Of course, update the SPACK_ROOT variable to point to the location of your spack clone.

This is also recommended to be put in ~/.bashrc or similar for ease of use, or can be run each time you open a new shell.

Add TMPDIR to bashrc (optional)

On some systems, the default TMPDIR might be limited or in a problematic location. If so, update it to a location with more space and add to ~/.bashrc:

mkdir -p $HOME/tmpdir
echo 'export TMPDIR=$HOME/tmpdir' >> ~/.bashrc

Install spack needed packages

From https://spack.readthedocs.io/en/latest/getting_started.html#system-prerequisites there are pre-requisites for spack. For example, on Ubuntu:

sudo apt update
sudo apt install bzip2 ca-certificates g++ gcc gfortran git gzip lsb-release patch python3 tar unzip xz-utils zstd

If you are using a different operating system, you might need to translate these into the packaging system for your OS. The above link has a similar list for RHEL.

Update spack configuration files

Spack configuration files are (by default) in ~/.spack. We will be updating the packages.yaml and repos.yaml files.

Make spack configuration directory

mkdir -p ~/.spack

packages.yaml

The complete packages.yaml file we will use is:

packages:
  all:
    providers:
      mpi: [openmpi]
      blas: [intel-oneapi-mkl]
      lapack: [intel-oneapi-mkl]
  hdf5:
    variants: +fortran +szip +hl +threadsafe +mpi
  netcdf-c:
    variants: +dap
  esmf:
    variants: ~pnetcdf ~xerces
  cdo:
    variants: ~proj ~fftw3
  pflogger:
    variants: +mpi
  pfunit:
    variants: +mpi +fhamcrest
  fms:
    variants: ~gfs_phys +pic ~yaml constants=GEOS precision=32,64 +deprecated_io
  mapl:
    variants: +extdata2g +fargparse +pflogger +pfunit ~pnetcdf

Copy this into ~/.spack/packages.yaml.

This not only hardcodes the compiler and MPI stack (see below), but also the default variants for packages Spack will build. This eases the spack commands that will be used later (for convenience).

Spack 1.0 Differences

Spack is currently undergoing a change in how it handles compilers. As such packages.yaml (seen above) used to need:

packages:
  all:
    compiler: [gcc@=14.2.0]

but that now generates warnings from Spack like:

==> Warning: The packages:all:compiler preference has been deprecated in Spack v1.0, and is currently ignored. It will be removed from config in Spack v1.2.

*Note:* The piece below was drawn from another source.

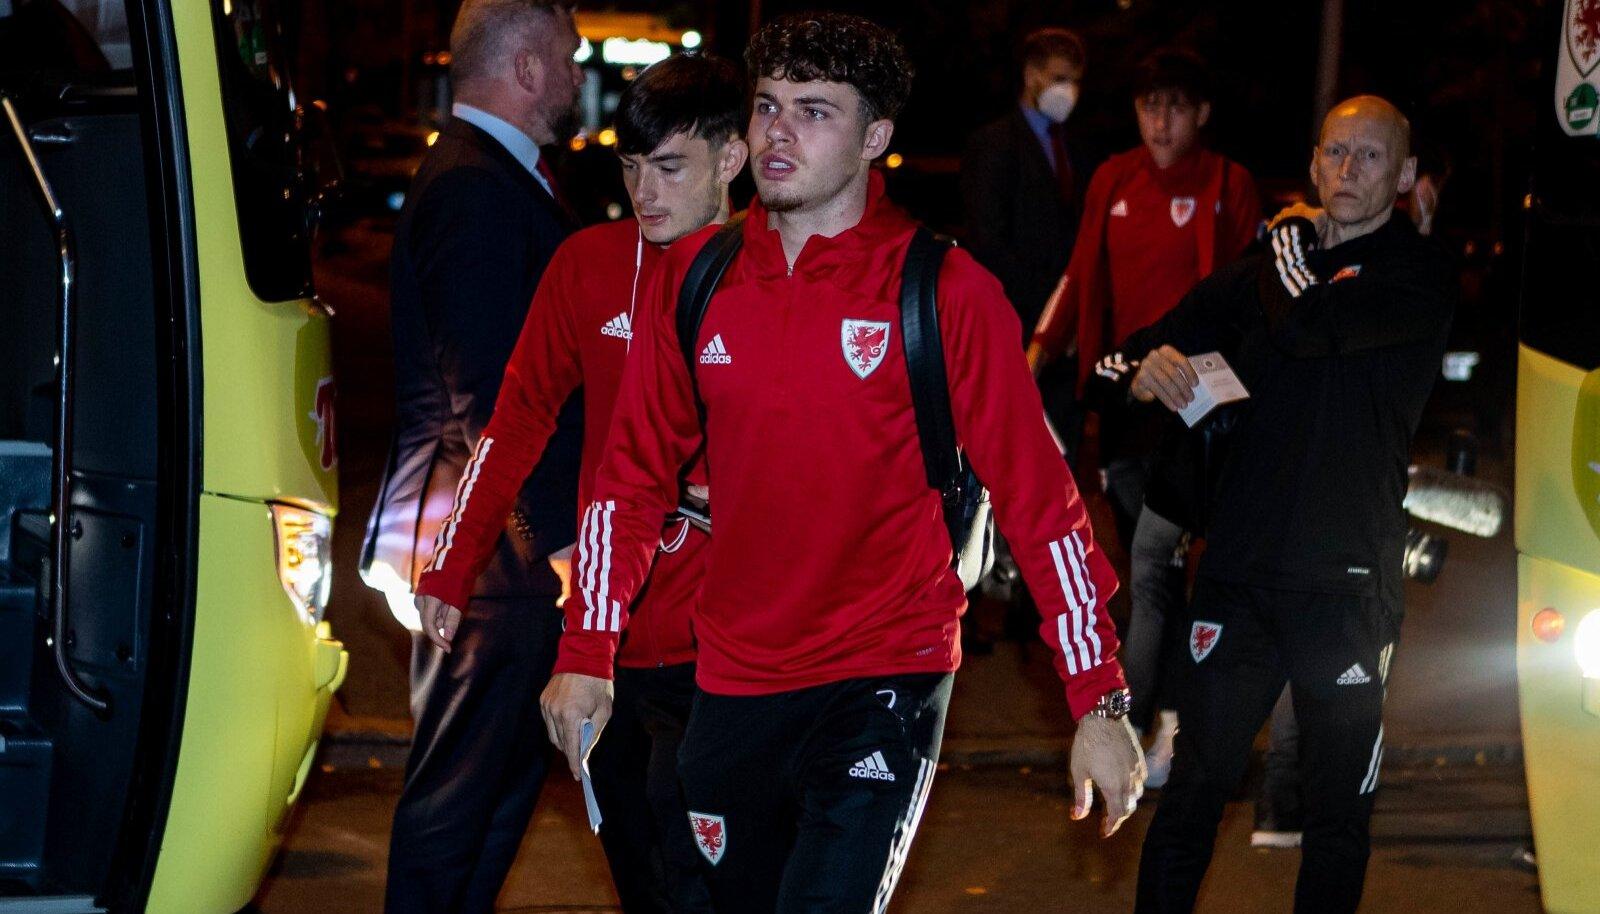 Walesi jalgpallikoondislased Tallinnas.

Moreover, Spack used to use a file called ~/.spack/linux/compilers.yaml to manage compilers. That is now defunct. Compiler information is controlled in packages.yaml now.

Compiler and MPI

As seen above, the packages.yaml file is used to configure the packages that are available to spack.

In this example, we are telling it we want:

  • GNU Fortran as our Fortran compiler
  • Open MPI as our MPI stack
  • Intel MKL as our BLAS and LAPACK stack
Supported compilers and MPI stacks

GEOSgcm is not required to use these specific compilers. We use GCC 14 here as a reliable default. GEOSgcm supports for Fortran compilers:

  • GCC 13+
  • Intel Fortran Classic (ifort) 2021.6+
  • Intel OneAPI Fortran (ifx) 2025.0+

And MPI stacks that have been tested are:

  • Open MPI
  • Intel MPI
  • MPICH
  • MPT

It's possible MVAPICH2 might also work, but issues have been seen when using it on Discover, but time has not been invested to determine the actual issue.

NOTE 1: This version of GEOSgcm has a requirement for Intel MKL for the BLAS and LAPACK. This is being worked on, but for now it is required.

NOTE 2: GEOSgcm does not have a strong dependence on the C and C++ compiler, we mainly focus on Fortran compilers in our testing.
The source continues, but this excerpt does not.